近年、IoT、人工知能(AI)、ビッグデータの活用などの技術革新が急速に進んでいます。これらのイノベーションの動きは産業構造の変化(Industry4.0)を招来し、AIやロボットによる職業代替可能性を格段に高め、あるいは超スマート社会(Society5.0)の到来が予想されています。

 

こうして、社会、経済、科学技術のあり方が、地球規模で連動する動きが加速する一方で、各国は独自の社会、文化のあり方を追求する保護主義的な動きも活発化しています。私たちは何としても、国際社会の協調を取り戻し、これを進化、発展させなければなりません。その意味では、国連加盟の193か国が一致して、2016年~2030年の15年間で達成するために掲げた目標、「国連の持続可能な開発目標(SDGs)」の達成に貢献していくことは、非常に重要なことであると認識しています。

 

一方、我が国・日本においては、世界で最も速く人口減少と高齢化が進んでおり、成長力が低下しています。これを食い止めるためにも、早急にイノベーション力の充実と高度化を進める必要があるでしょう。大学の社会的使命は、教育・研究・社会貢献にありますが、中でも、研究活動の方向性は教育・社会貢献とも連動するものです。本学の最重要の使命として、高度な学術研究により、イノベーション競争を牽引する役割を担うべきことを自覚し、その十全な達成を目指したいと考えています。

 

ちなみに、本学では昨年、本学独自の「重点研究推進プログラム」を設定しましたが、その際、次の理念を掲げました。

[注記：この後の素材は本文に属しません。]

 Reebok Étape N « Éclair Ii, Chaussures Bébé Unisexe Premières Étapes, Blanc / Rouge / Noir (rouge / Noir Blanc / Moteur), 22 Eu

  1. グローバル研究を推進し、世界水準の研究力を創成する。可能性が高いアジア全体を中心に、総合的なグローバル研究を行い、高い研究力を擁する知的ピラミッドを形成する。
  2. 経済システムや経営システムの研究、言語、文化の研究など、日本のソフトパワーを生かした、国際秩序形成に向けた提言を行う。
  3. 社会でイノベーションを推進できる研究者、市民社会を支える強い経営者、起業家、政治家といった次世代のイノベーター、産官学連携のトップリーダーを育てる。

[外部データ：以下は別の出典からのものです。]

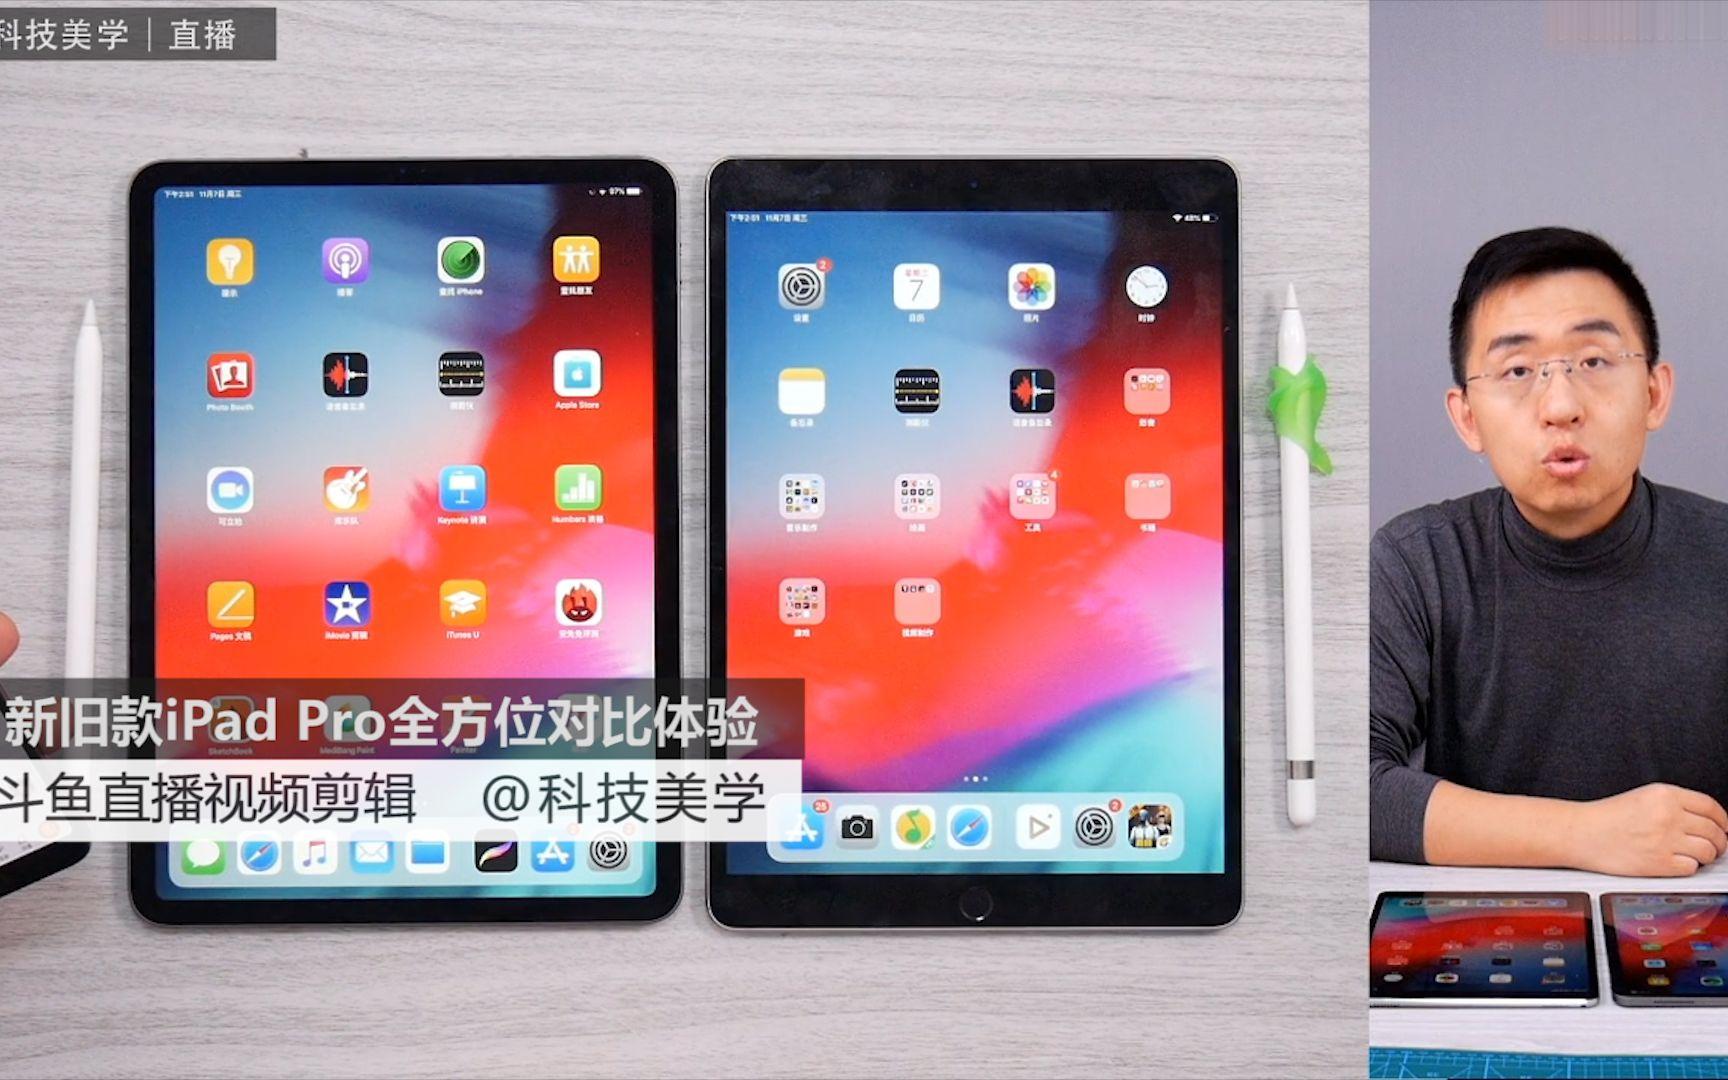 「科技美学直播」新款iPad Pro你最想知道的十个疯狂的问题  |  那岩为你一一解答

今後、本学ではこうした研究活動を鋭意、開発・振興し、大学としての社会的使命を全うしてまいる所存です。

 

さて、昨年は本学の創立者・井上円了の生誕160周年であると同時に、百回忌の年でもありましたが、今年は没後100周年に当たります。この節目の年に際して、もう一度、円了の業績を見直し、その偉大なる活動を世に顕彰してまいりたいと思っております。本学「井上円了研究センター」による国際シンポジウムを中心に、さまざまな記念行事等を考えておりますので、皆様のご参加も大いに歓迎致します。ぜひ本学の動向にご関心を持っていただき、また各キャンパスにお出かけください。

 

新しい夜明けを迎えた今年一年、本学のさまざまな活動について、ご指導・ご鞭撻賜りますよう、どうぞよろしくお願い申し上げます。